A laminated body 1 here has an upper layer 2, which can be actively needled here and consists of a nonwoven fabric or fibers spherically wound as ball yarns (FIG. 3). A support layer 3, which can be at least passively needled, is held relative to the upper layer 2 by holding fibers 4 removed from the upper layer 2. A layer 5 made of granular particles 6 is arranged between the top layer 2 and the support layer 3. The two layers 2 and 3 are needled together through the particle layer 5. The needling can be done according to a needle method known in needle felting technology, e.g. by R. Krcma in the "Handbook of Textile Composites" (Deutscher Fachverlag, Frankfurt am Main, 1970, pages 198 - 202). In this technology, felting needles with a triangular needle shaft and lateral barbs directed towards the tip are most often used for needling Other shapes, such as fork needles and loop needles, are also common. The sewing needles mentioned in the aforementioned book can also be used accordingly for needling the laminated body 1. The felting needles capture individual or tufts of fibers 4 from this upper layer when piercing the upper layer and interweave them with the base layer 3. The top layer 2 must be actively needled for this purpose, ie fibers from this layer should be able to be grasped, a portion of these fibers 4 still being anchored in the layer 2.

The needling process not only connects the top layer 2 and the base layer 3 to one another, it also prevents the granular particles 6 of the layer 5 from laterally shifting due to the holding fibers 4 which are distributed throughout the entire surface of the layer body 1. This makes it possible to cut the laminate into any shape, in particular sheets or tiles, without the particles dropping out of the cut edge in a substantial amount.

The layer 5 of granular particles 6 here consists of Ge Stone particles of small grain size, for example made of sand, which by definition has a grain size of 0.02 - 2 mm. Depending on the intended use, larger particles 6 can also be used. Advantageous features of these rock particles are their relatively large weight in relation to a certain layer thickness, their relatively high heat capacity and in particular their inert behavior towards other substances.

As can be seen from the drawing, the support layer 3 can consist of different materials. This base layer 3 should not splinter when the needles are pierced and should hold the pierced holding fibers 4, e.g. elastic, hold, e.g. by clamping or interlacing, i.e. the base layer 3 should be at least passively needled.

For this, e.g. Plastic films 7 made of soft elastic material (compare e.g. Figure 2), fiber layers in sufficient density, which are further compressed and felted by the needle process itself so that they retain the particles 6, as well as adhesive bonded fiber composites, nonwovens or spunbonds. The support layer 3 can itself be actively needled, which allows the layered body 1 to be additionally needled from the opposite side, as shown in the right half of FIG. It is also possible to provide a further actively needled fiber layer under a plastic film or the like as the base layer 3 and to needle the laminated body 1 from both sides.

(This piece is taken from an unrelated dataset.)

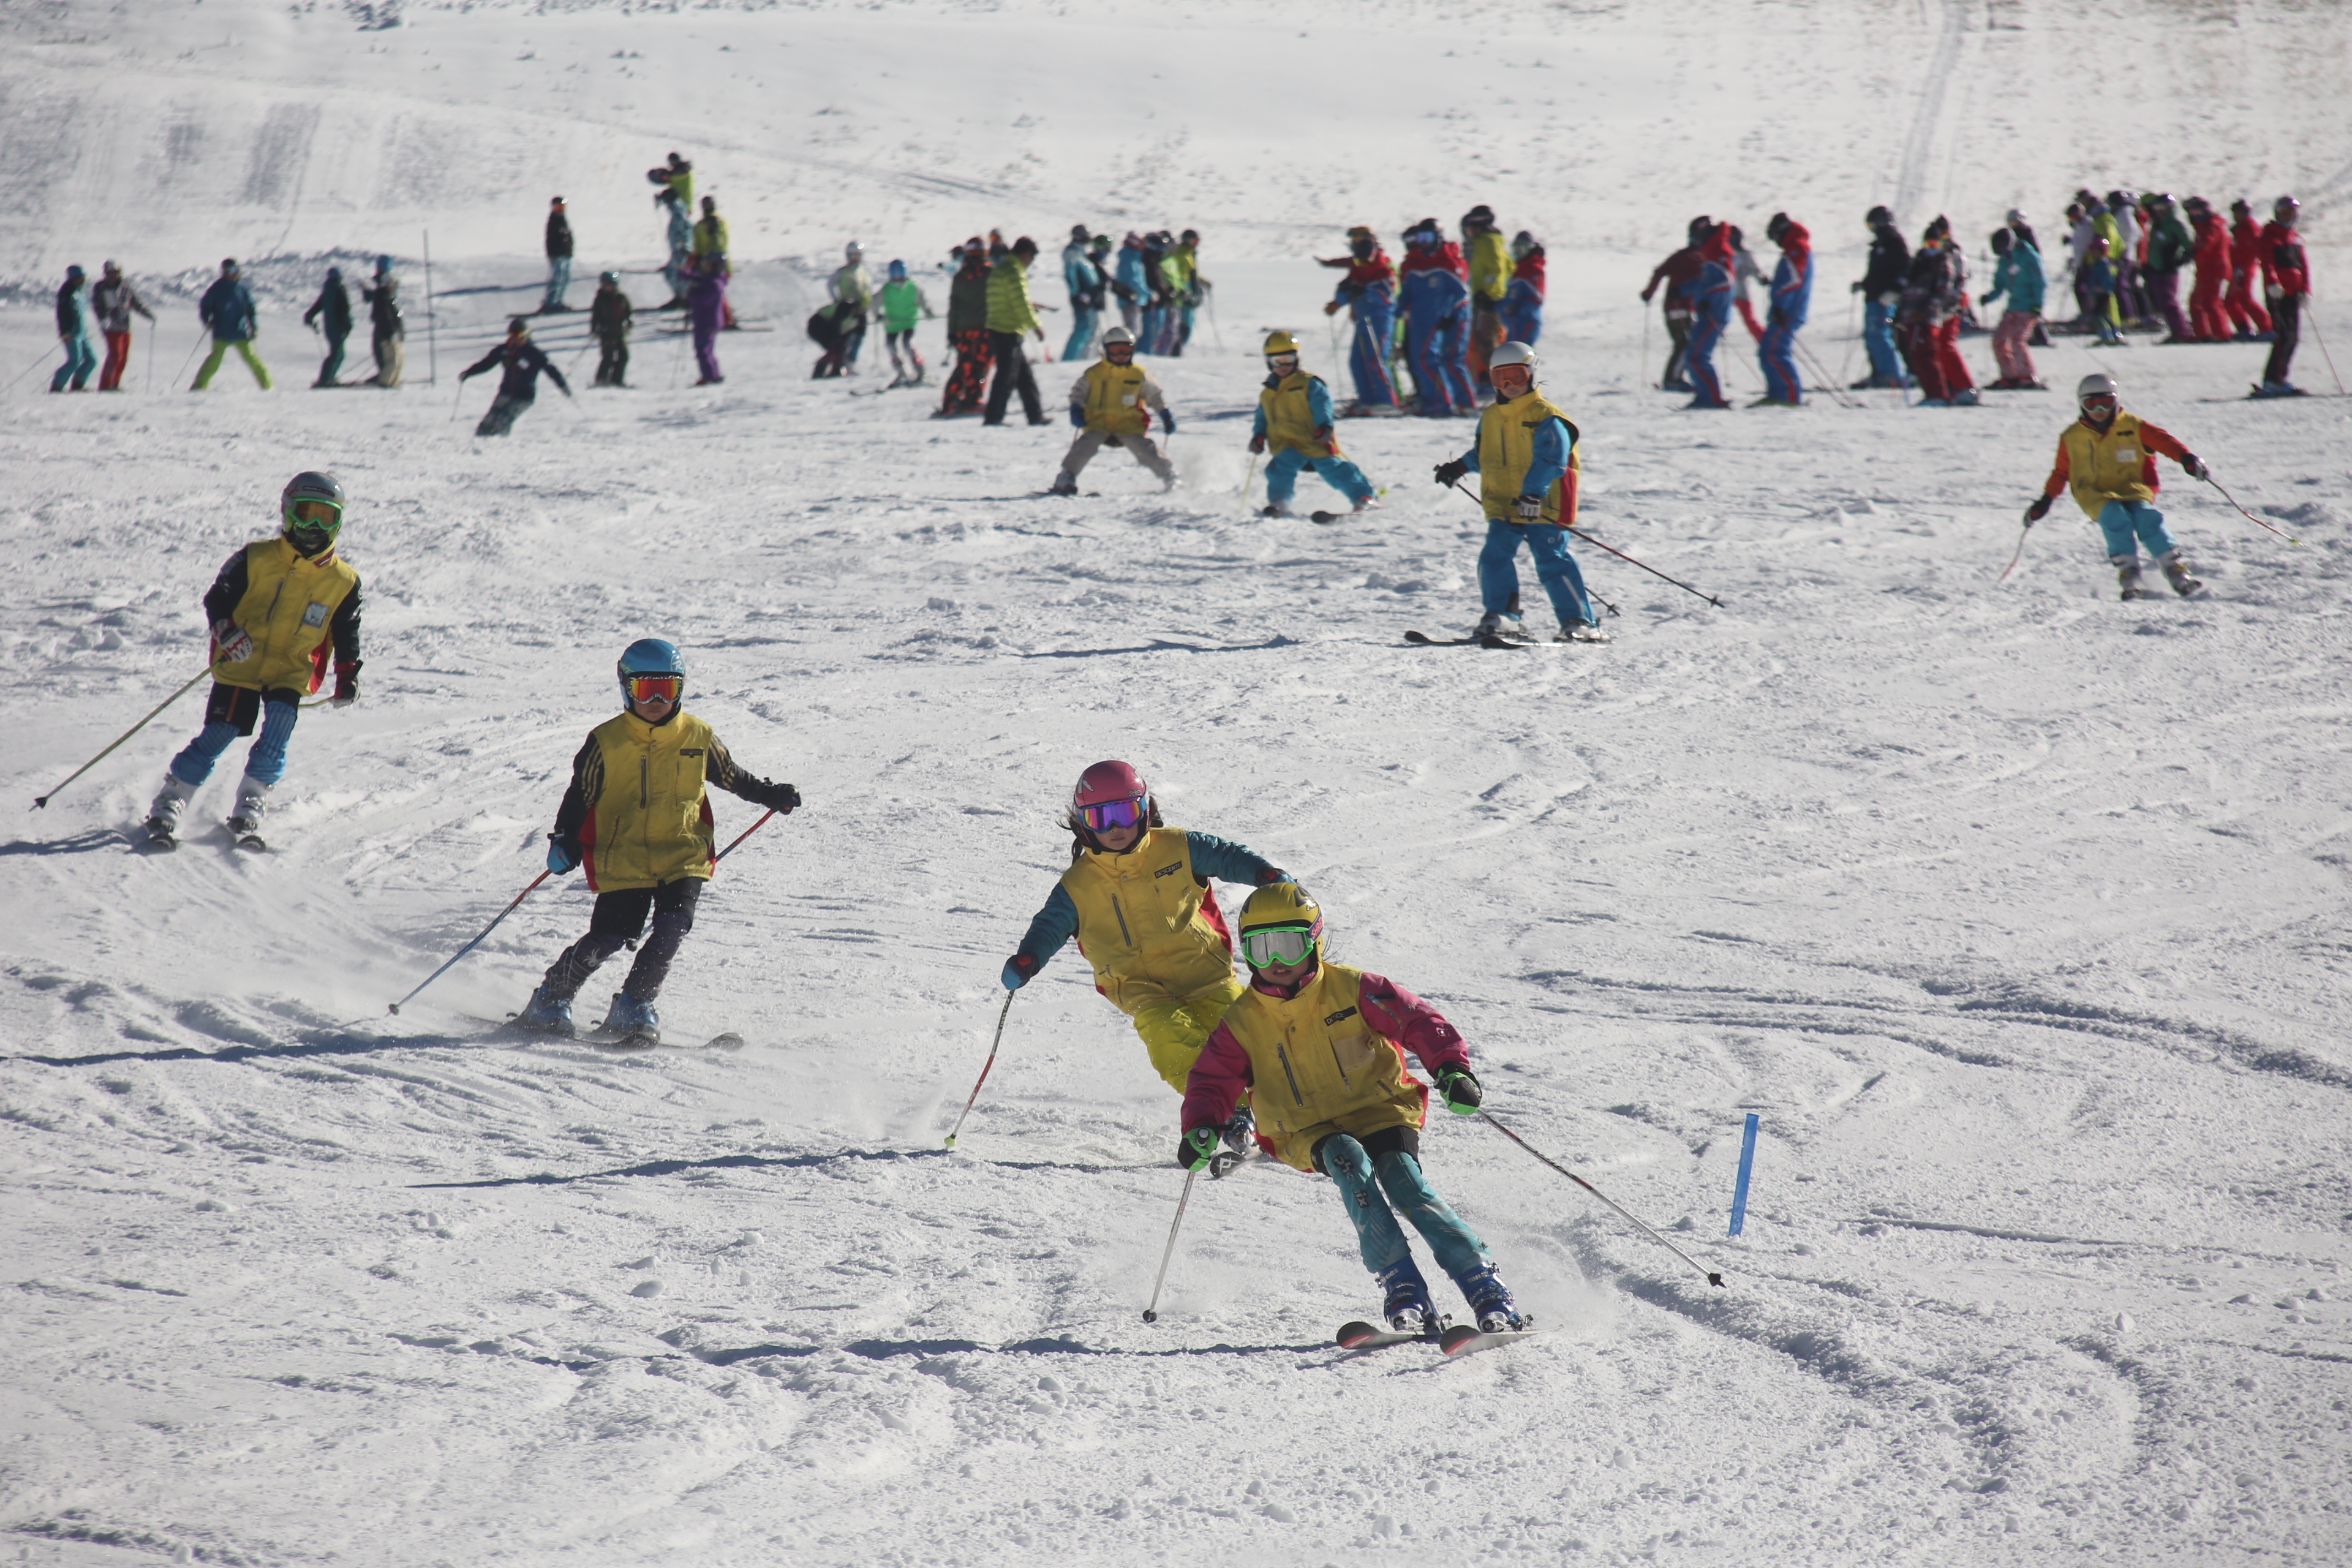 【2021年中止】志賀高原統一初滑り・スキー場開き祭

The support layer 3 can itself be designed as a spring back or, which is not shown, have a spring back on its side facing away from the top layer 2.

The fiber layer, whether used as a top layer 2 or as a base layer 3, can be pre-compacted by separate needling. , it can be needled onto a carrier layer such as a plastic film, a fiber composite or the like, in order to facilitate handling during manufacture and / or by to prevent the leakage of fine sand particles 6 and in particular of binder particles 13 (compare FIG. 3) before the layered body 1 is needled.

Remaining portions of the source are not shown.